What you should do: Give back exactly the lines that run from the beginning of the entries to the line containing "Đại lý ủy quyền", both included, and nothing else.

Entries taken from a collection
......

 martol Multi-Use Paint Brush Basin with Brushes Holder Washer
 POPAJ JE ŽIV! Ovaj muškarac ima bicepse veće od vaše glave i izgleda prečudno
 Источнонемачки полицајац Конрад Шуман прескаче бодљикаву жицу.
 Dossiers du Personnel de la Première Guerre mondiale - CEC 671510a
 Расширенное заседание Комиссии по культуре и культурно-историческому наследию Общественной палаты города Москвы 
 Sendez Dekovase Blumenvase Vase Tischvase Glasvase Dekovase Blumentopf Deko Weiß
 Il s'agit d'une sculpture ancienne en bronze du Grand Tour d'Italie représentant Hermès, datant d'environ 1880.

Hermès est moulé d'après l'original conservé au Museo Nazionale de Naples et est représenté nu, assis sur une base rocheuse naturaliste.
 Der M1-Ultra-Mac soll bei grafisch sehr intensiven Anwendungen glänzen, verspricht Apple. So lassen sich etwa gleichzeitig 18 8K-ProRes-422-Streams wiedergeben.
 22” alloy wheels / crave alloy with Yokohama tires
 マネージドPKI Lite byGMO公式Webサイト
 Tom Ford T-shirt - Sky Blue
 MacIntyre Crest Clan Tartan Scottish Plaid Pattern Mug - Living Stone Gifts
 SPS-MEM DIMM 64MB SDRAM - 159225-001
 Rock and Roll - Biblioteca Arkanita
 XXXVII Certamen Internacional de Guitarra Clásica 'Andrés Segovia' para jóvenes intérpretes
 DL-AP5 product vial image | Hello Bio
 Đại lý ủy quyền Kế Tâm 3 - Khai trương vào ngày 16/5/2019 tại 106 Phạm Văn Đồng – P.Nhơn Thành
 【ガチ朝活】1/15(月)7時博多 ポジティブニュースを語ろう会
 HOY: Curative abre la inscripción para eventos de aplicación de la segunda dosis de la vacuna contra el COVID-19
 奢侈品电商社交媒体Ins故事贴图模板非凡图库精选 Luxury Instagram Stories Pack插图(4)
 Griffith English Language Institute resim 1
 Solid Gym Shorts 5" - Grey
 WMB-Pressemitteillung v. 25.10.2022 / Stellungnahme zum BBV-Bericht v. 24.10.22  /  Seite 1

......

Finished task:
 martol Multi-Use Paint Brush Basin with Brushes Holder Washer
 POPAJ JE ŽIV! Ovaj muškarac ima bicepse veće od vaše glave i izgleda prečudno
 Источнонемачки полицајац Конрад Шуман прескаче бодљикаву жицу.
 Dossiers du Personnel de la Première Guerre mondiale - CEC 671510a
 Расширенное заседание Комиссии по культуре и культурно-историческому наследию Общественной палаты города Москвы 
 Sendez Dekovase Blumenvase Vase Tischvase Glasvase Dekovase Blumentopf Deko Weiß
 Il s'agit d'une sculpture ancienne en bronze du Grand Tour d'Italie représentant Hermès, datant d'environ 1880.

Hermès est moulé d'après l'original conservé au Museo Nazionale de Naples et est représenté nu, assis sur une base rocheuse naturaliste.
 Der M1-Ultra-Mac soll bei grafisch sehr intensiven Anwendungen glänzen, verspricht Apple. So lassen sich etwa gleichzeitig 18 8K-ProRes-422-Streams wiedergeben.
 22” alloy wheels / crave alloy with Yokohama tires
 マネージドPKI Lite byGMO公式Webサイト
 Tom Ford T-shirt - Sky Blue
 MacIntyre Crest Clan Tartan Scottish Plaid Pattern Mug - Living Stone Gifts
 SPS-MEM DIMM 64MB SDRAM - 159225-001
 Rock and Roll - Biblioteca Arkanita
 XXXVII Certamen Internacional de Guitarra Clásica 'Andrés Segovia' para jóvenes intérpretes
 DL-AP5 product vial image | Hello Bio
 Đại lý ủy quyền Kế Tâm 3 - Khai trương vào ngày 16/5/2019 tại 106 Phạm Văn Đồng – P.Nhơn Thành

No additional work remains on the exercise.